## Task directions:
Print exactly the lines below between the line containing "eufy Security SpaceView" and the line containing "Dapper Desvalido Robusto", counting both of those lines. Leave pictures out.

## Record set:

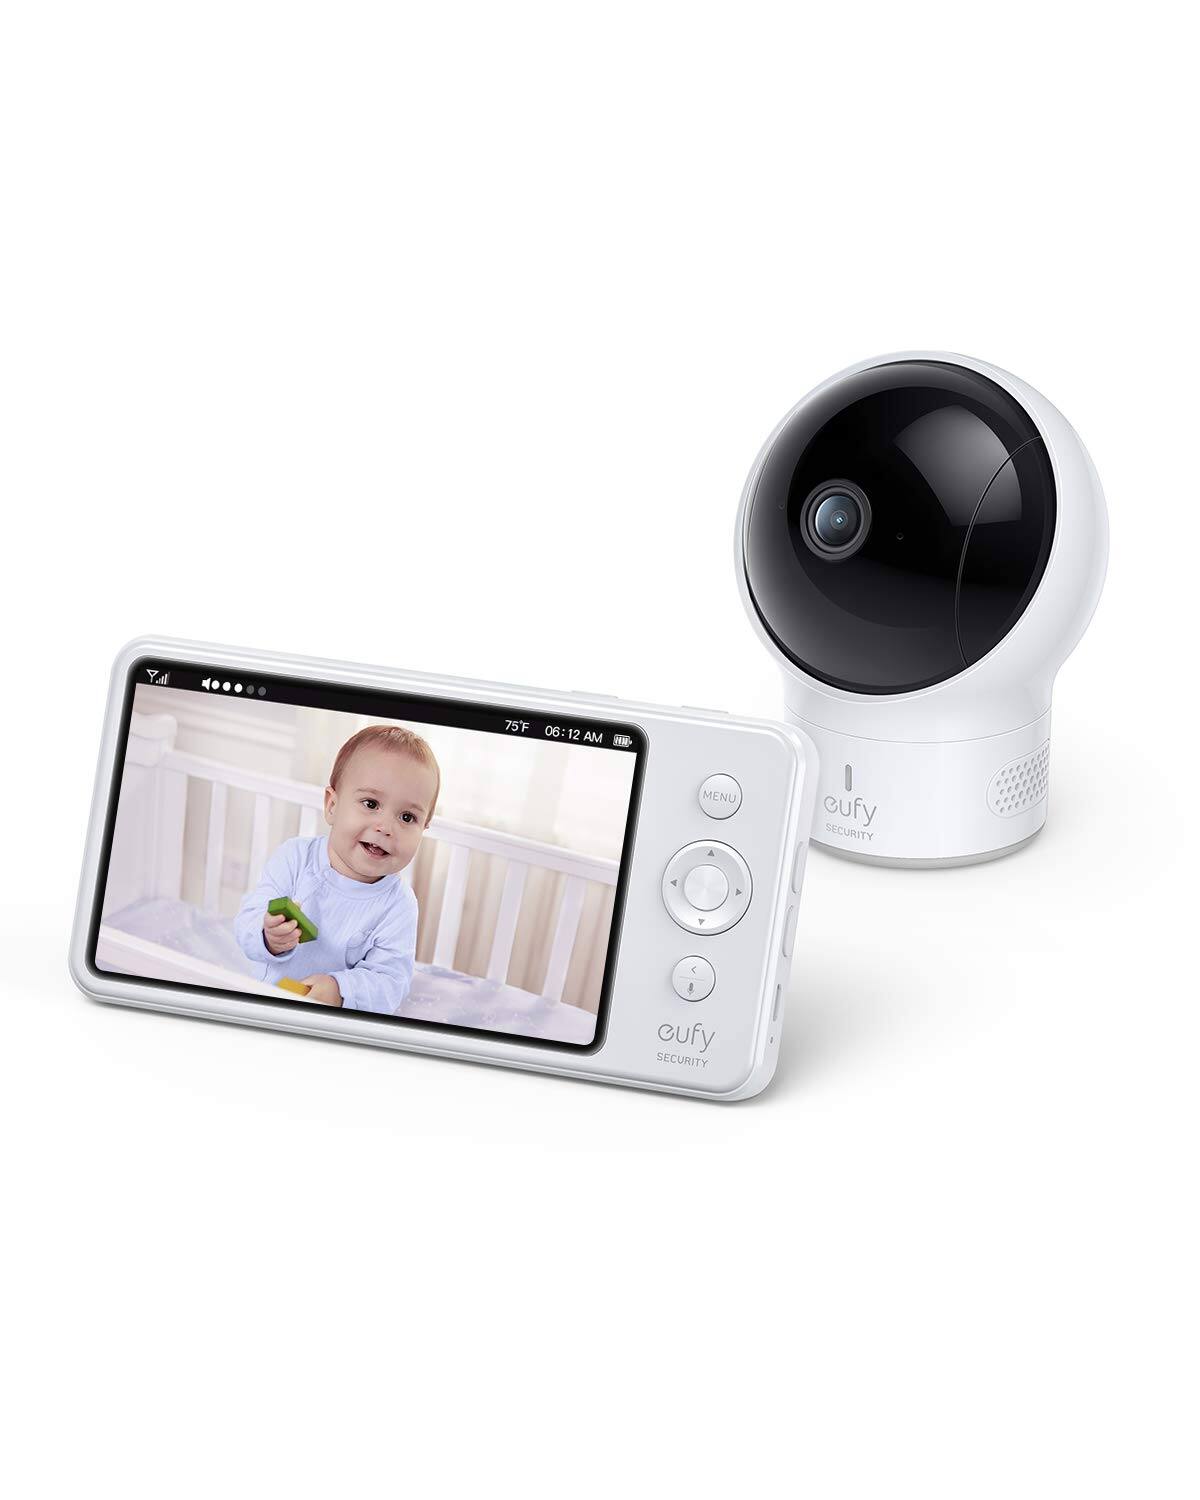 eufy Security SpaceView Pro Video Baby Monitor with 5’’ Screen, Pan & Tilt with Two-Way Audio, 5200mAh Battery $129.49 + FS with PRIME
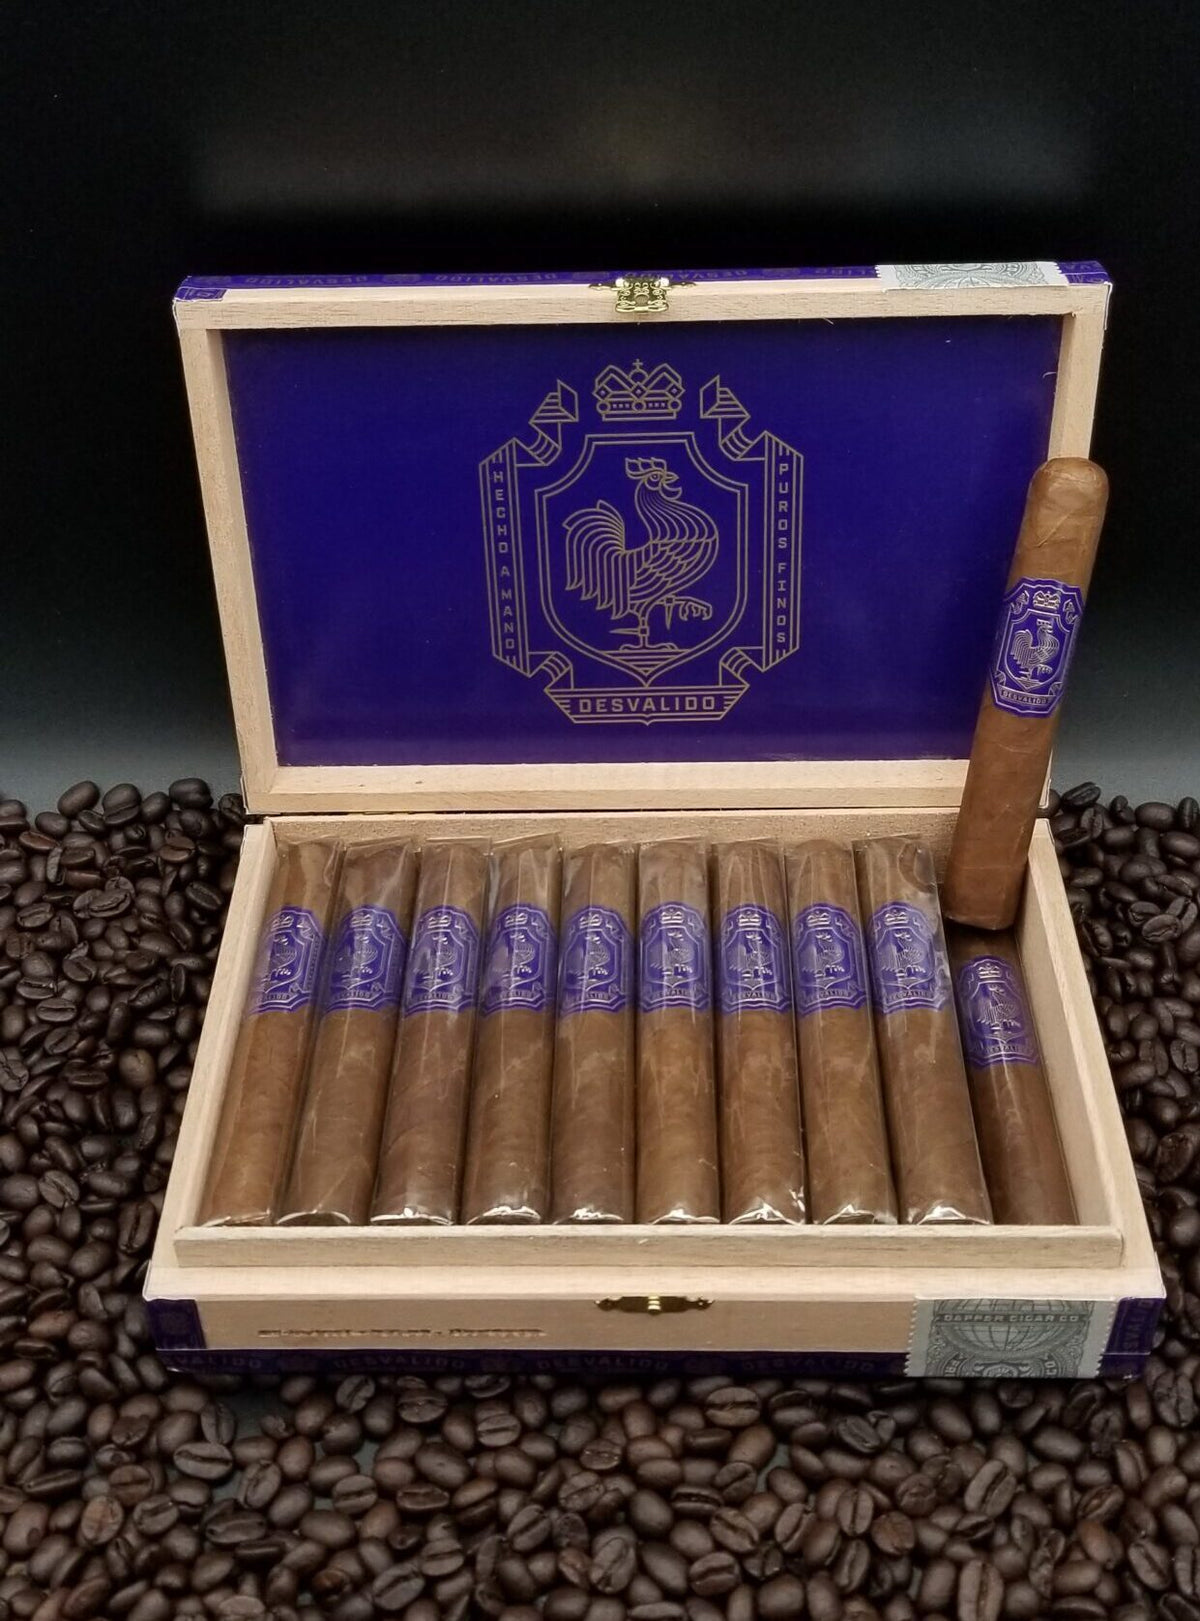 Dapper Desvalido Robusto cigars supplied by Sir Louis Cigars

...

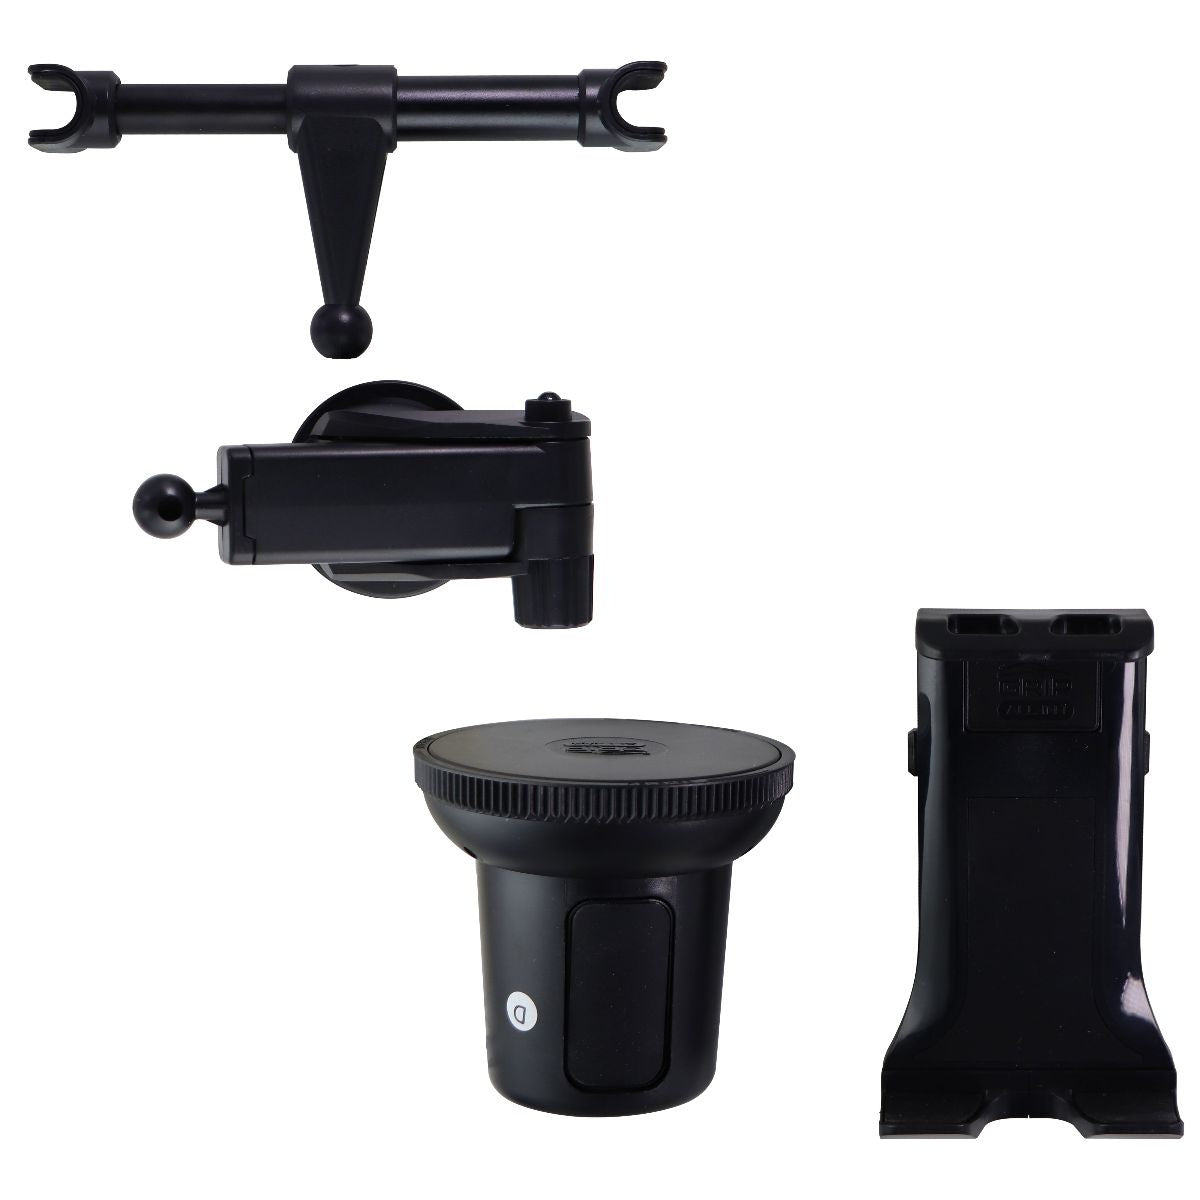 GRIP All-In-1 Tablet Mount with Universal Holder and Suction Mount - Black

## Output below:
 eufy Security SpaceView Pro Video Baby Monitor with 5’’ Screen, Pan & Tilt with Two-Way Audio, 5200mAh Battery $129.49 + FS with PRIME
 Dapper Desvalido Robusto cigars supplied by Sir Louis Cigars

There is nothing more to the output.